Getting solve_ivp to work with PyMC?

Hi all,

I am trying to implement a simple exponential ODE model in the Bayesian framework using both odeint and solve_ivp methods from the scipy.integrate library.

import pymc as pm
import pytensor
import pytensor.tensor as pt
import arviz as az

import matplotlib.pyplot as plt
from pytensor.compile.ops import as_op
from scipy.integrate import odeint
from scipy.integrate import solve_ivp

The equation is very simple:

def exponential_decay(t, y): 
    
    dydt = -0.5 * y
    return dydt'

ODE-solution with solve_ivp without using pymc:

sol = solve_ivp(
    exponential_decay,
    t_span= [0, 10],
    y0 = [10],
    max_step=0.1)

fig, ax = plt.subplots()

ax.scatter(
    sol.t,
    sol.y[0],
    s=50,
    marker="^",
    label="ode-solution")

ax.grid()
ax.set_xlabel("Time [s]")
ax.set_ylabel("y [m]")
ax.legend()
plt.show()

Then, I proceed with generating synthetic data with Gaussian noise for the ODE model:

ode_array_size = len(sol.y[0])
mu, sigma = sol.y[0], 1

simulated_data_y = np.random.normal(mu, sigma, ode_array_size)

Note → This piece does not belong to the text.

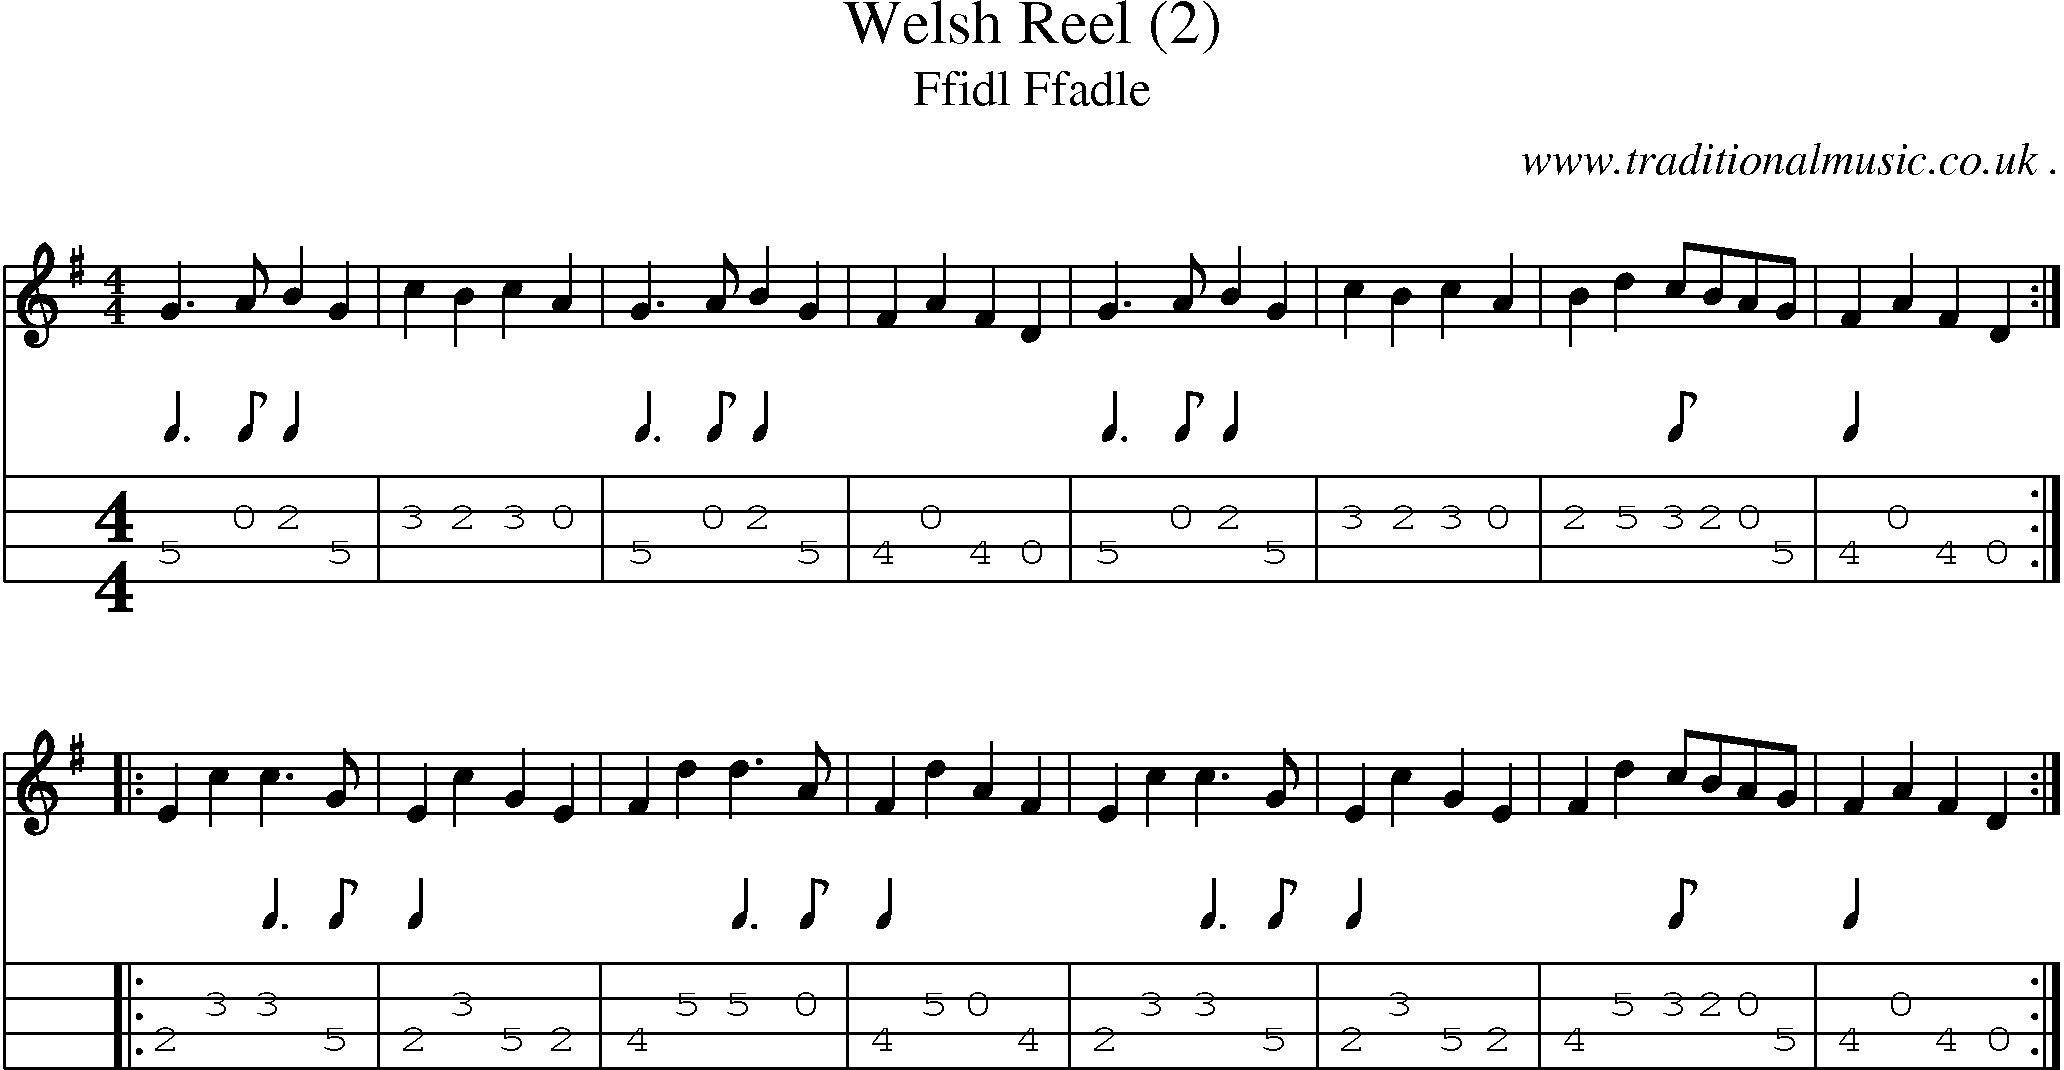 Sheet-Music and Mandolin Tabs for Welsh Reel (2)

I learned from this example that we would need to convert the data-type to pytensor in order to use PyMC (Link: PyMC ODE Example):

@as_op(itypes=[pt.dvector], otypes=[pt.dvector])
def pytensor_ode_model(param):

    t_start, t_stop, y_init = param
    sol = solve_ivp(
        exponential_decay,
        t_span = [t_start, t_stop],
        y0 = [y_init],
        max_step=0.1)

    return sol.y[0]

Afterwards, one could get sample and get the distribution of the parameters:

t_start = 0.1
t_stop = 10
y_init = 10

with pm.Model() as model:
    
    y_init = pm.Normal("y_init", mu=y_init, sigma=1)
    t_start = pm.TruncatedNormal("t_start", mu=t_start, sigma=0.1, lower=0, initval=t_start)
    t_stop = pm.TruncatedNormal("t_stop", mu=t_stop, sigma=1, lower=0, initval=t_stop)
    
    sigma = pm.HalfNormal("sigma", 1)
    
    ode_solution = pytensor_ode_model(pm.math.stack([y_init, t_start, t_stop]))
    
    pm.Normal(
        "Y_obs",
        mu=ode_solution,
        sigma=sigma,
        observed=simulated_data_y)

    vars_list = list(model.values_to_rvs.keys())[:-1]
    
    trace = pm.sample(
            step=[pm.Slice(vars_list)],
            tune=2000,
            draws=2000,
            cores=1)

I get some errors about Input dimension mismatch:

ValueError: Input dimension mismatch: (input[0].shape[0] = 200, input[1].shape[0] = 101)
Apply node that caused the error: Composite{switch(i4, (((-0.5 * sqr(((i0 - i1) / i2))) - 0.9189385332046727) - i3), -inf)}(Y_obs{[ 1.022617 ... 63610e-02]}, FromFunctionOp{pytensor_ode_model}.0, ExpandDims{axis=0}.0, Log.0, Gt.0)

If I would solve the same equation using odeint, I would be able to proceed without errors.

So, I am not sure what are the changes that I would need to make to resolve the input dimension problem using solve_ivp?

Thank you for any hints towards resolving this issue!